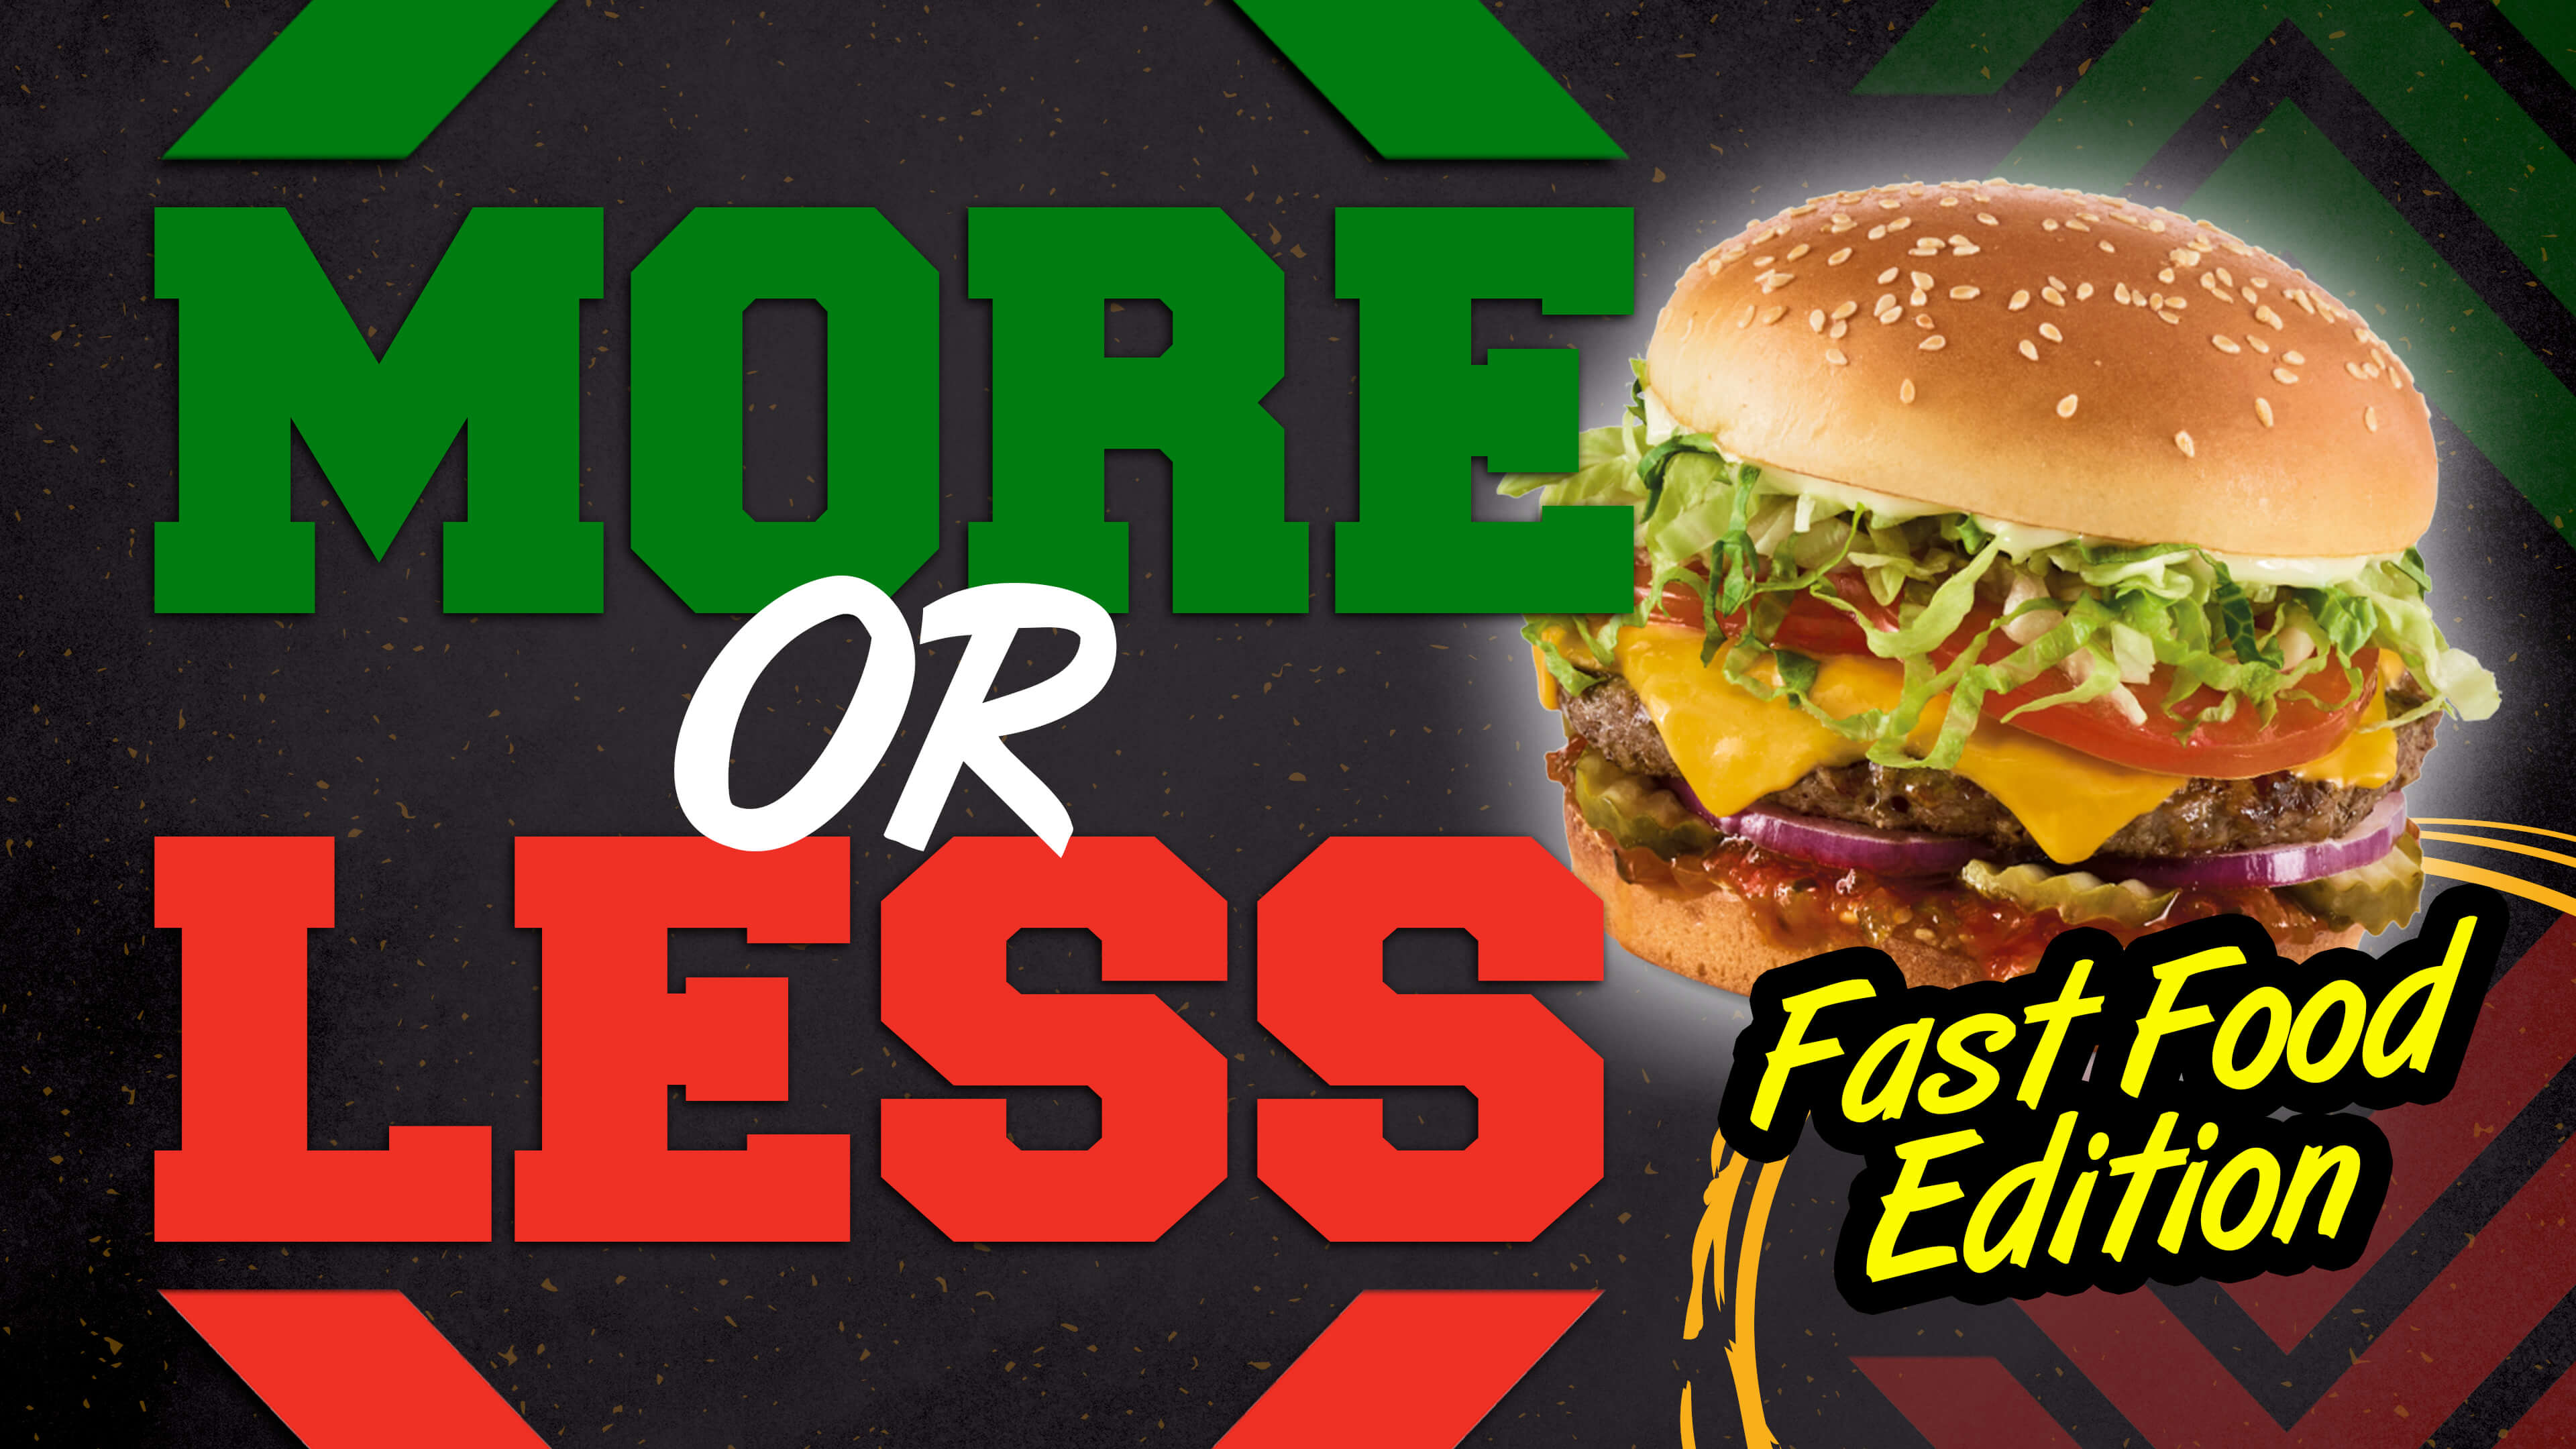 More or Less: Fast Food Edition
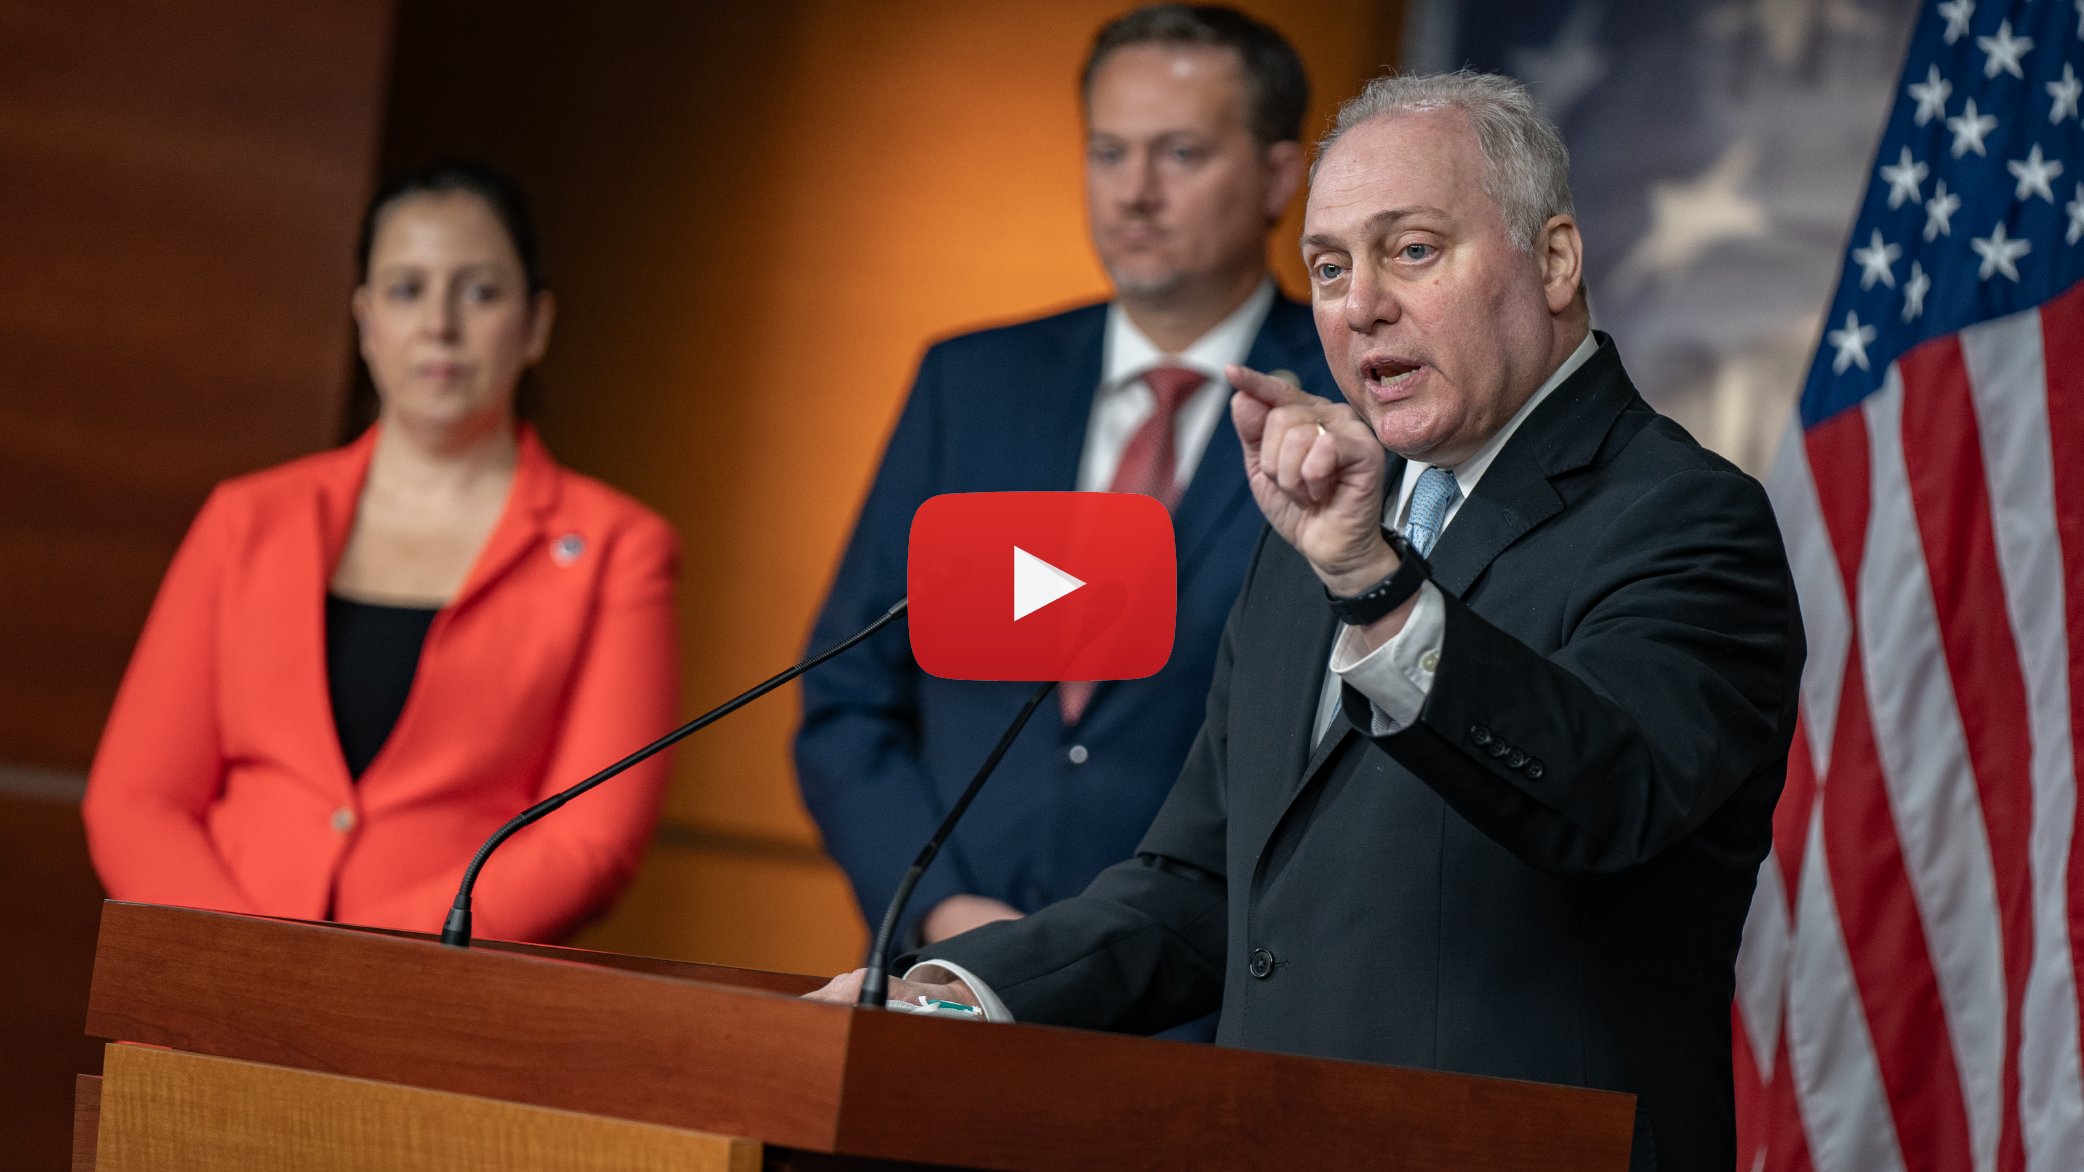 Scalise: The Border Must Be Secured
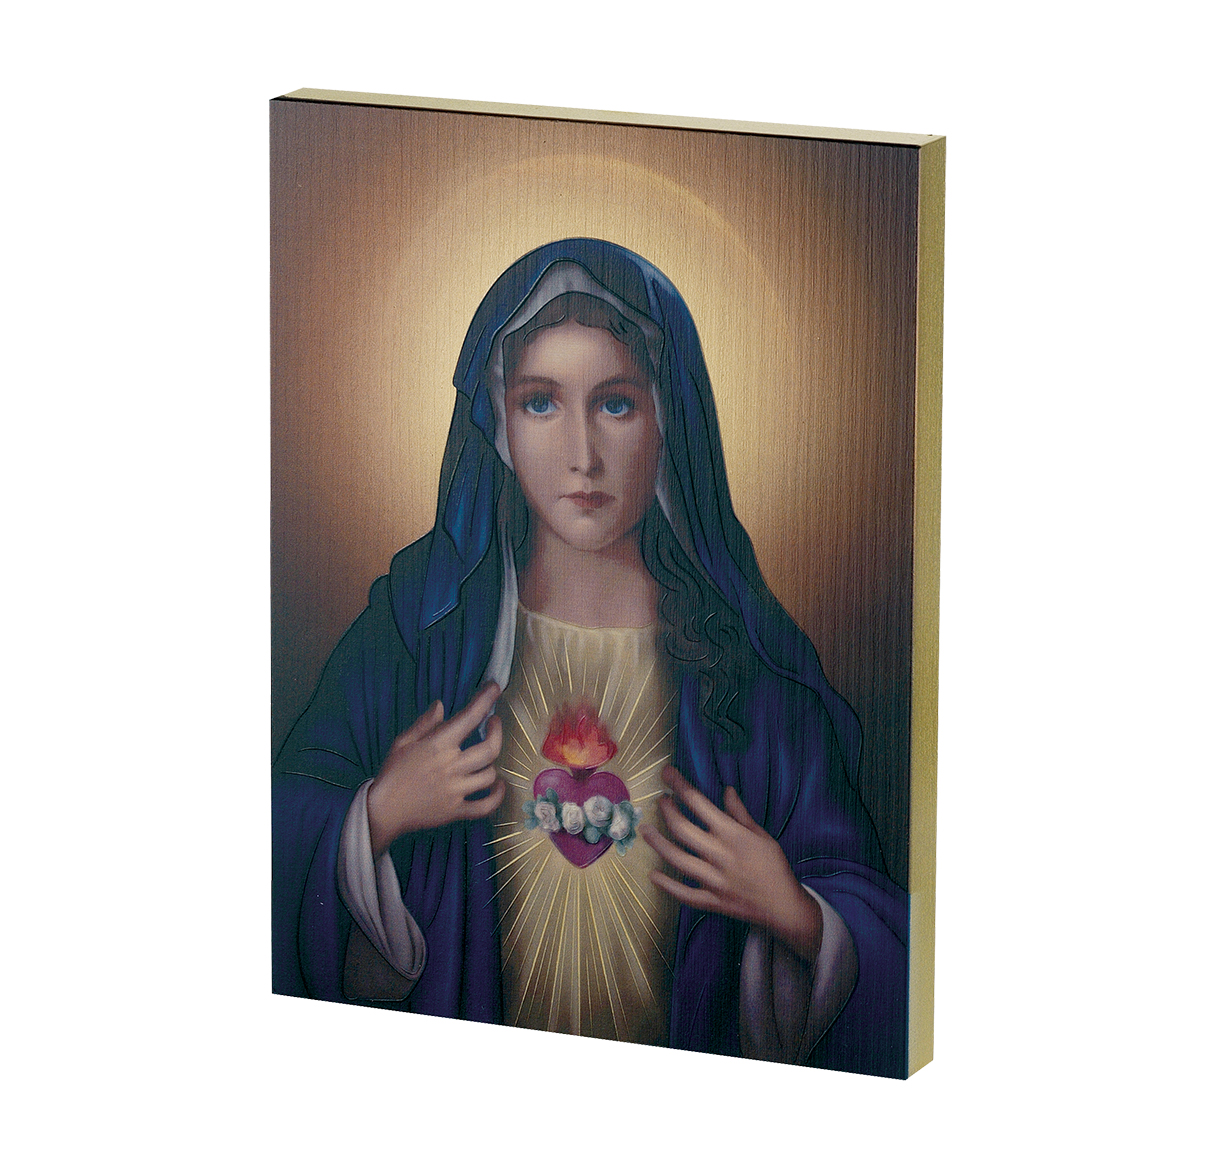 Plaque Immaculate Heart of Mary 8 x 10 inch Textured Wood
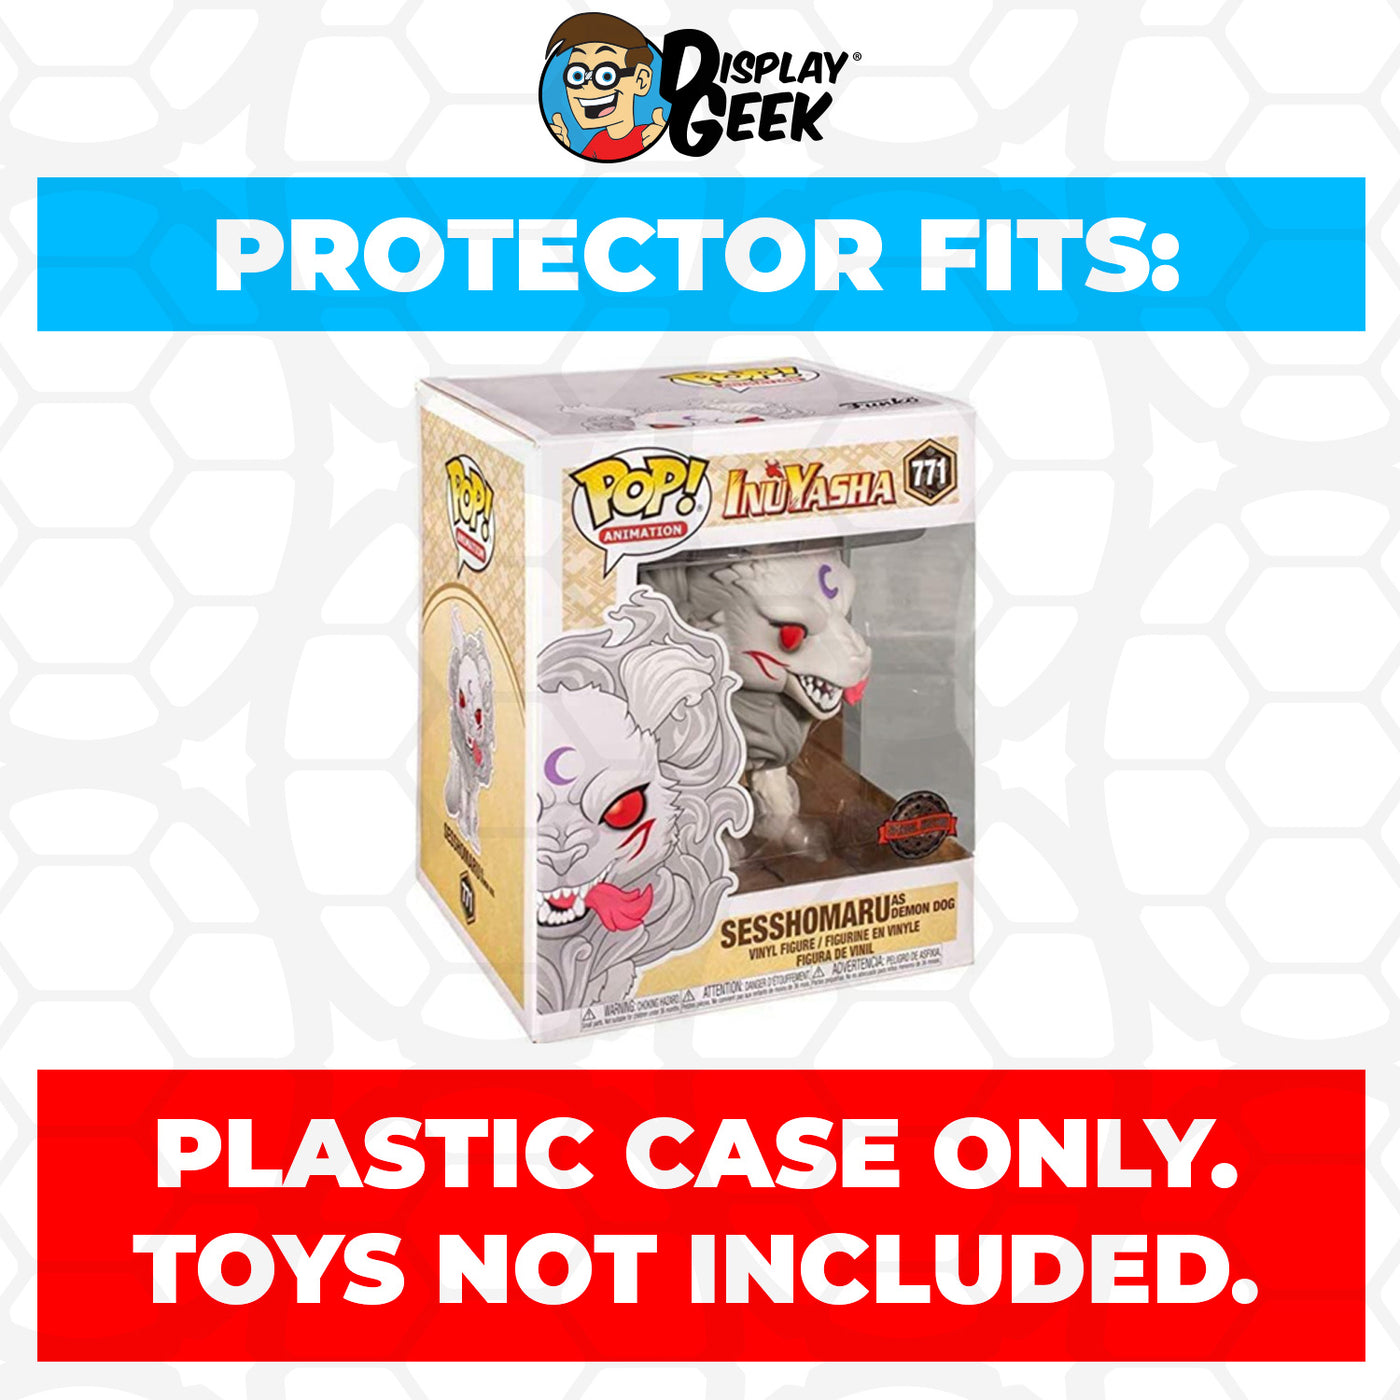 Pop Protector for 6 inch Sesshomaru as Demon Dog #771 Super Funko Pop on The Protector Guide App by Display Geek

============

*Your objective*. Omit the pictures and write out the lines above from the one with "Plaque Immaculate Heart" through the last, unchanged.

*Exercise output*.
 Plaque Immaculate Heart of Mary 8 x 10 inch Textured Wood
 Pop Protector for 6 inch Sesshomaru as Demon Dog #771 Super Funko Pop on The Protector Guide App by Display Geek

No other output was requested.